Mathias Vingaard wrote:
Hello.

I have just installed my debian. While I experiment with different configurations I would like to boot up without X. Is there a text file I can edit in order to disable automatic start up of X?

You can either:
1) remove/purge the offending login app (gdm, xdm, wdm, kdm) with a command similar to "dpkg --purge xdm"

or

2) to simply disable the culprit temporarily, add the line "exit 0" as the first executable line to the startup script (/etc/init.d/[g|x|w|k]dm). You may want to Ctrl-Alt-F1 to get to the first text-based virtual terminal (VT) first, and run the script to turn it off, before making the change. For example, if the app is gdm, you'd run "/etc/init.d/gdm stop". Then make the change, and on the next initlevel change or reboot, gdm won't start up.

(There are other ways to accomplish this goal as well, but these two should suffice for now.)


I have tried to look in /etc/inittab but nothing there seemed to have anything to do with X.

The POST finds the boot code and runs it; the boot code starts the kernel; the kernel looks for /etc/inittab; /etc/inittab runs all the scripts pointed to by the default run level in the file; the scripts are individual scripts that do stuff, like starting gdm or xdm or setting the computer's time/date from the network, etc. Just removing gdm (or xdm, etc) from this chain of events will accomplish your desired goal (see above).


Regarding configuration of X: My Logitech Marbleman is connected to the serial port via an PS2->serial adapter. What is wrong when I can use graphic login but I am unable to move the cursor in X?
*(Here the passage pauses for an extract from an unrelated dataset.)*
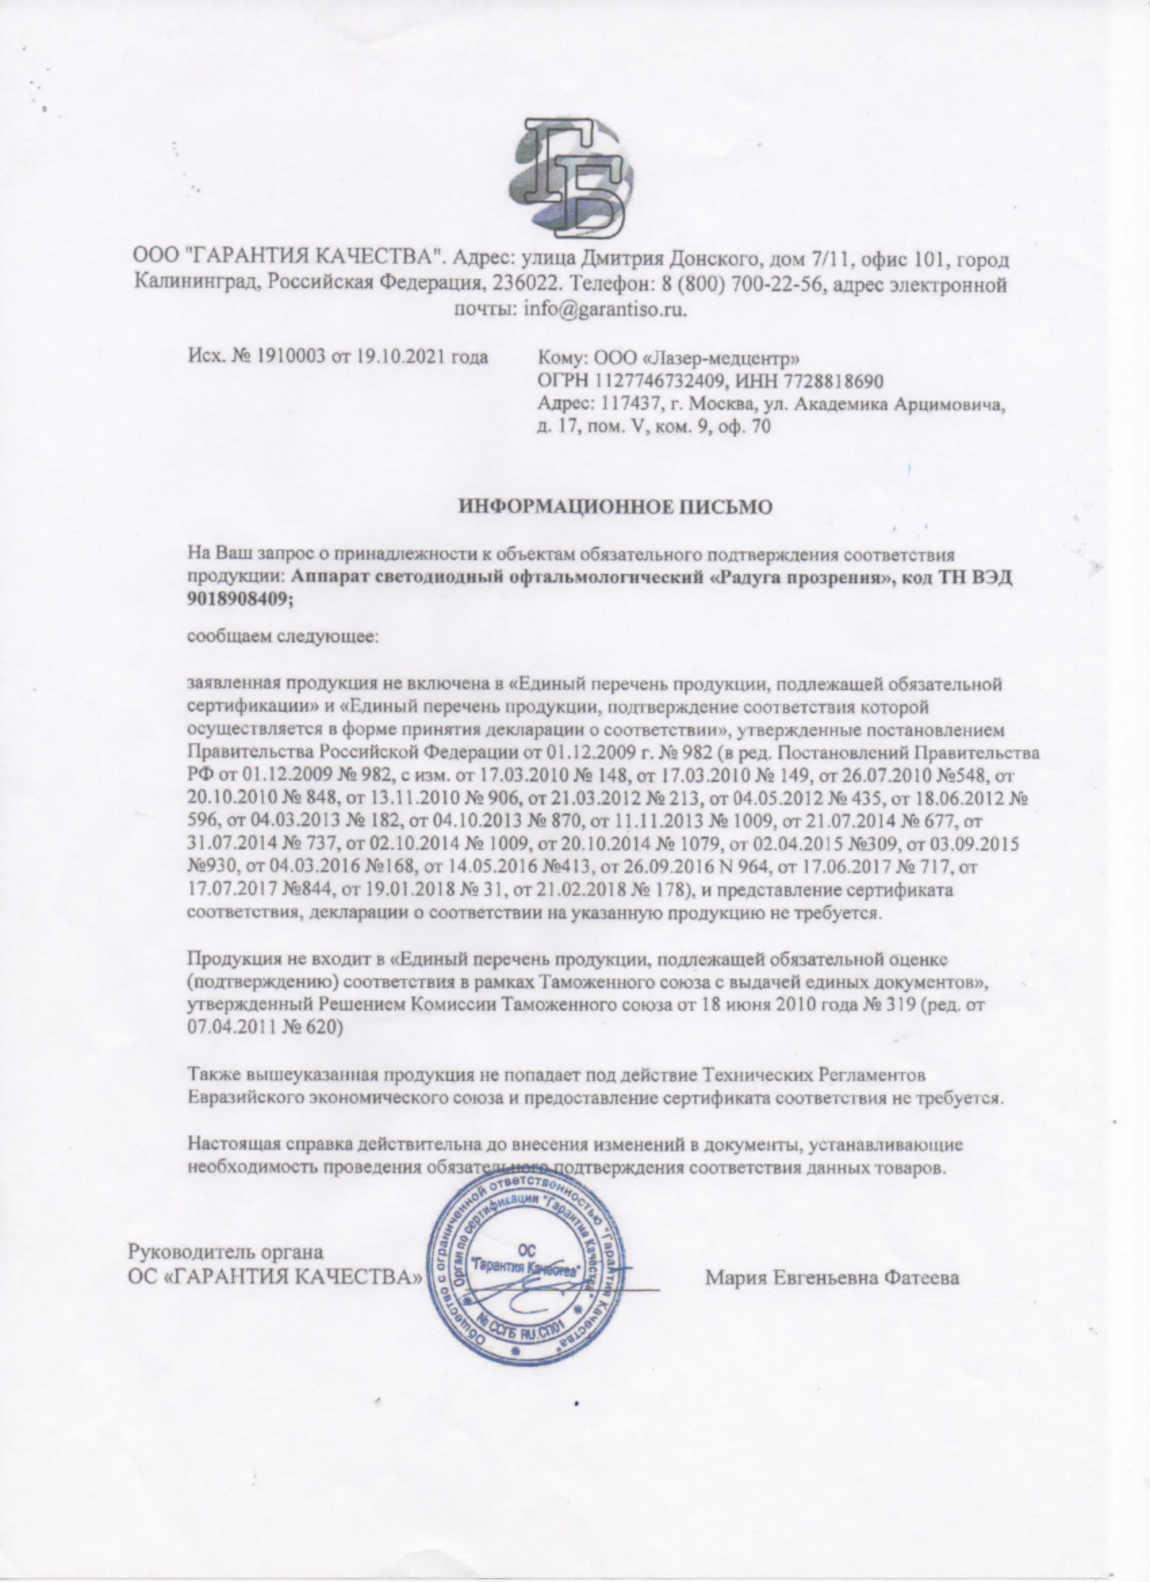 Информационное письмо о сертификации очков Панкова (Радуга Прозрения)

Any number of issues. Does it work in a text-based console (Ctrl-Alt-F1, move the mouse, does it work?)? If so, that means that gpm (the console mouse driver) is running, and X is probably configured to read the same port that gpm is reading, so they are in conflict. To run both, gpm needs to be configured to repeat the raw data (run gpmconfig or edit /etc/gpm.conf), and X (edit /etc/X11/XF86Config[-4]) to read, not from /dev/ttyS0 or /dev/psaus or /dev/mouse, but rather from /dev/gpmdata. In this way, gpm will read the mouse data, move the cursor as needed, repeat the mouse data in a raw format to the /dev/gpmdata "device", where X can read the data and move the cursor as needed.


Thanks.
Mathias.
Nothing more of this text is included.